Work item
Give again, word for word, the lines below that run from the line with "Image de présentation" through the line with "Captain David W. Todd, USN". Drop the pictures.

Supplied information
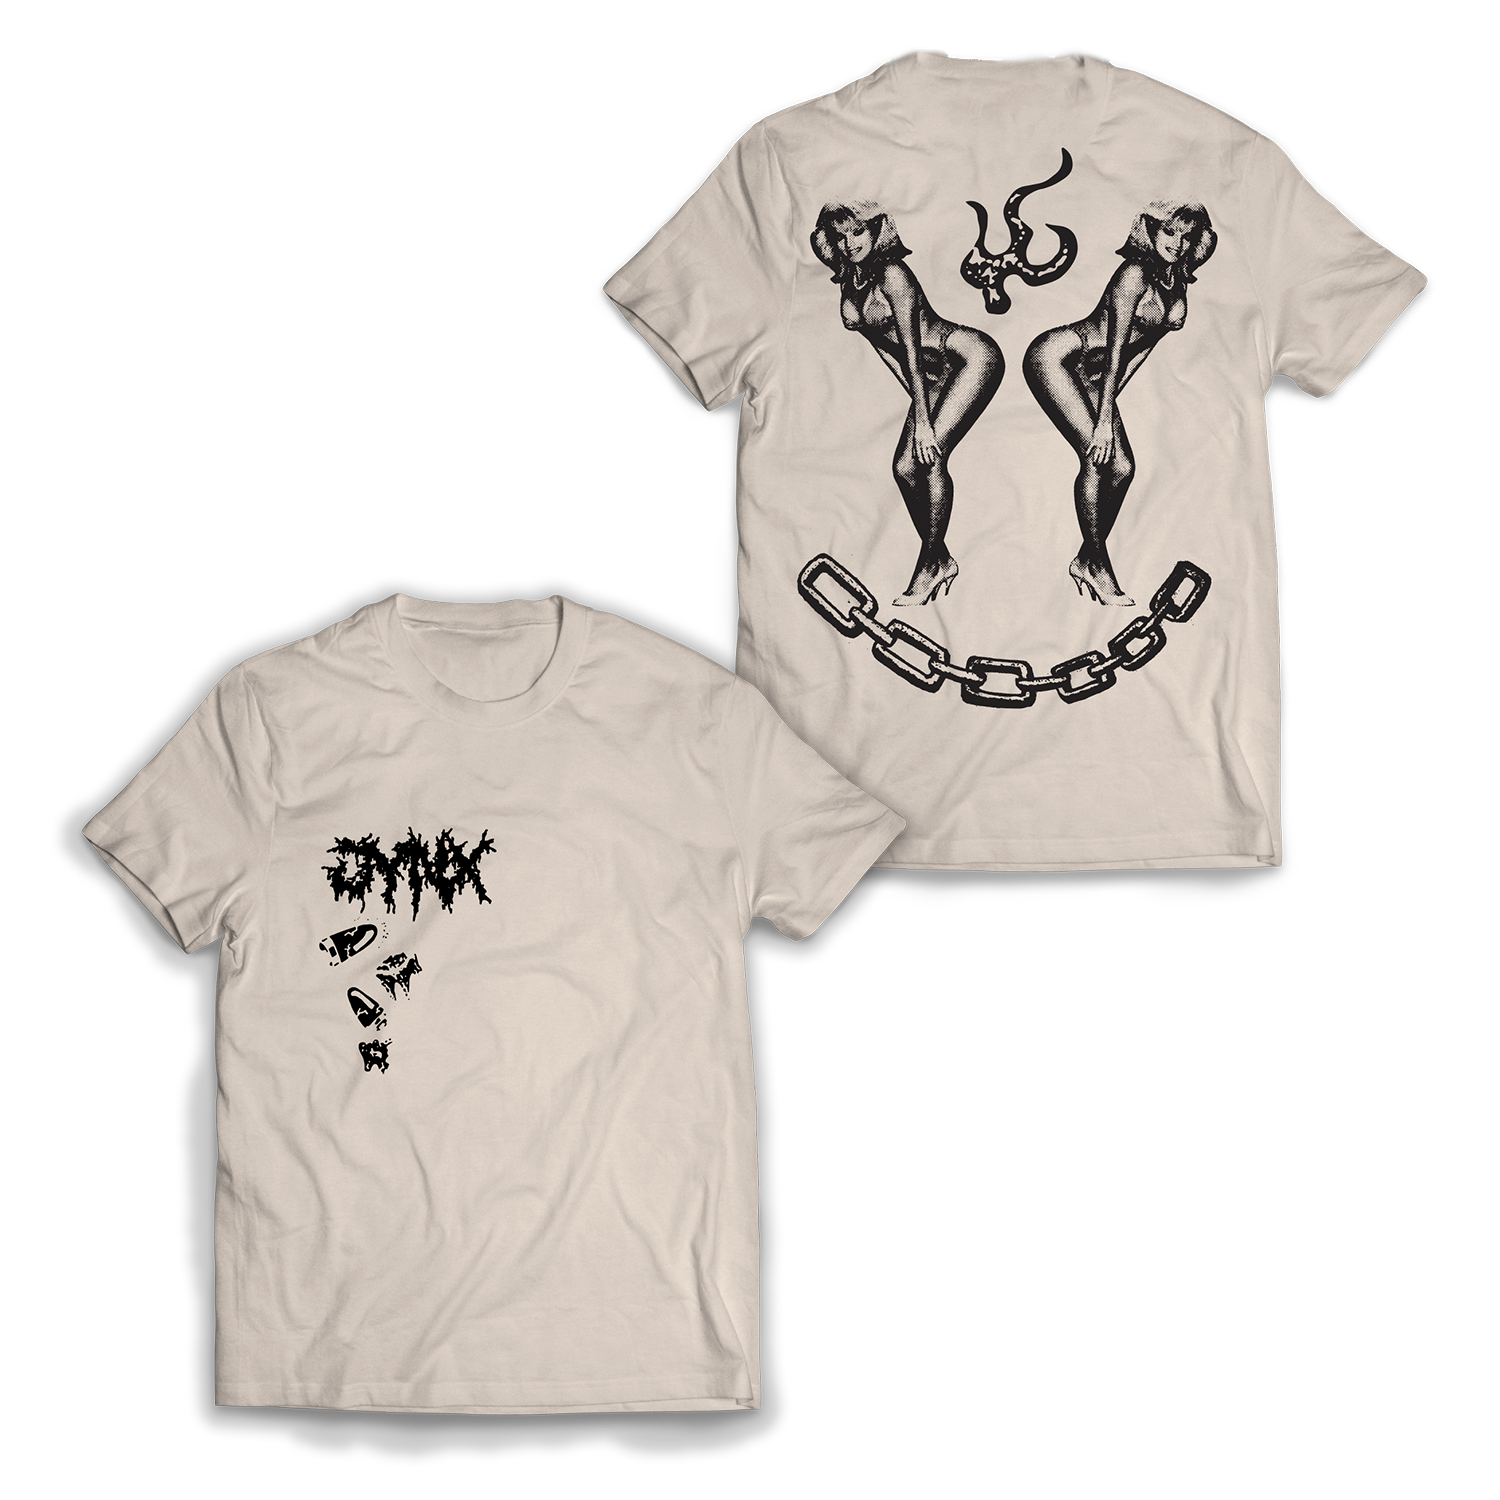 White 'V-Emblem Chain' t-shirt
==
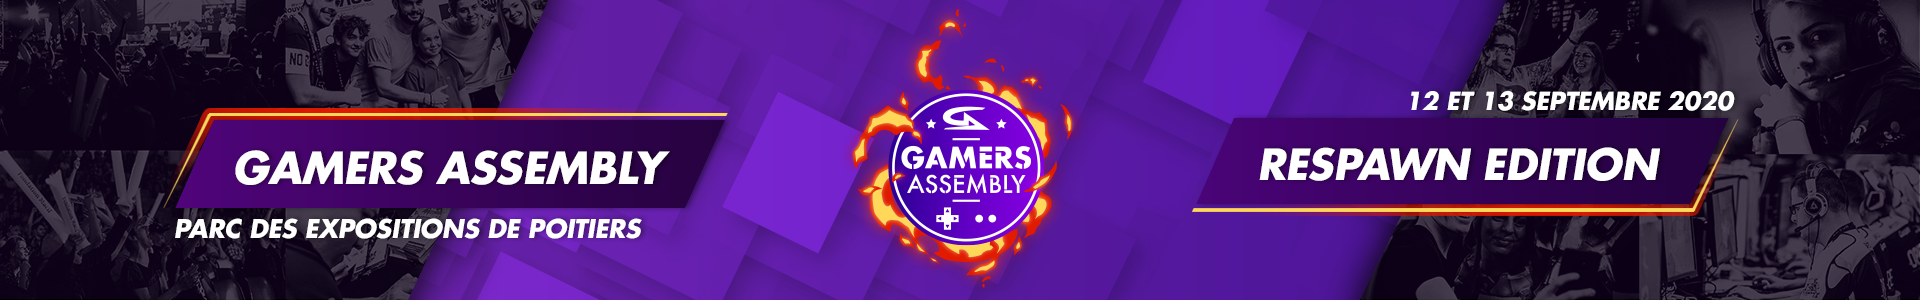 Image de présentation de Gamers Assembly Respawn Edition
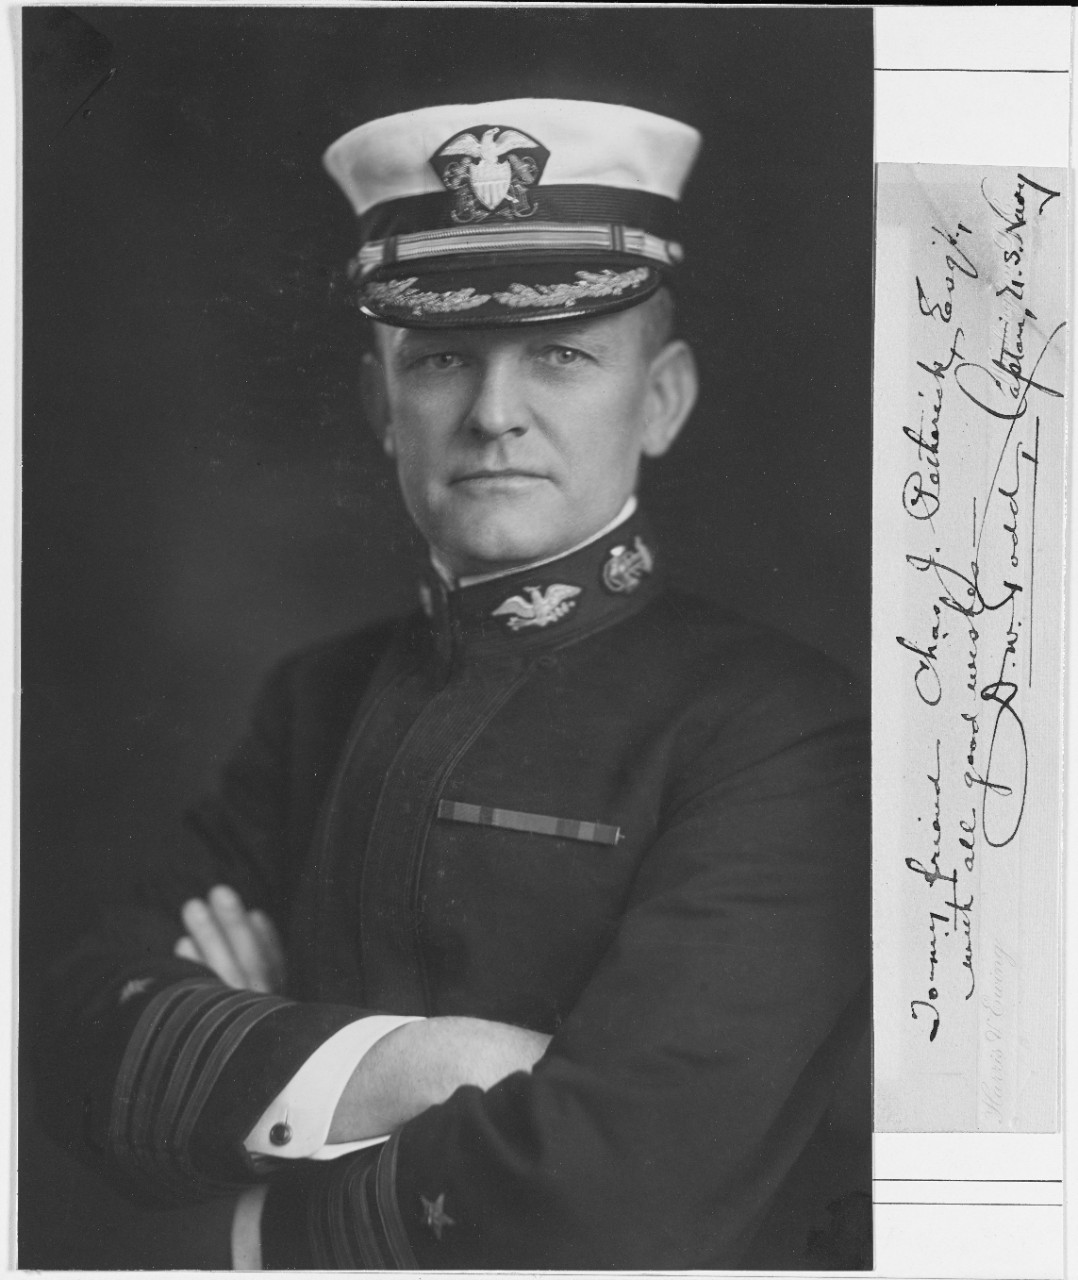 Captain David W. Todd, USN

Exercise response
 Image de présentation de Gamers Assembly Respawn Edition
 Captain David W. Todd, USN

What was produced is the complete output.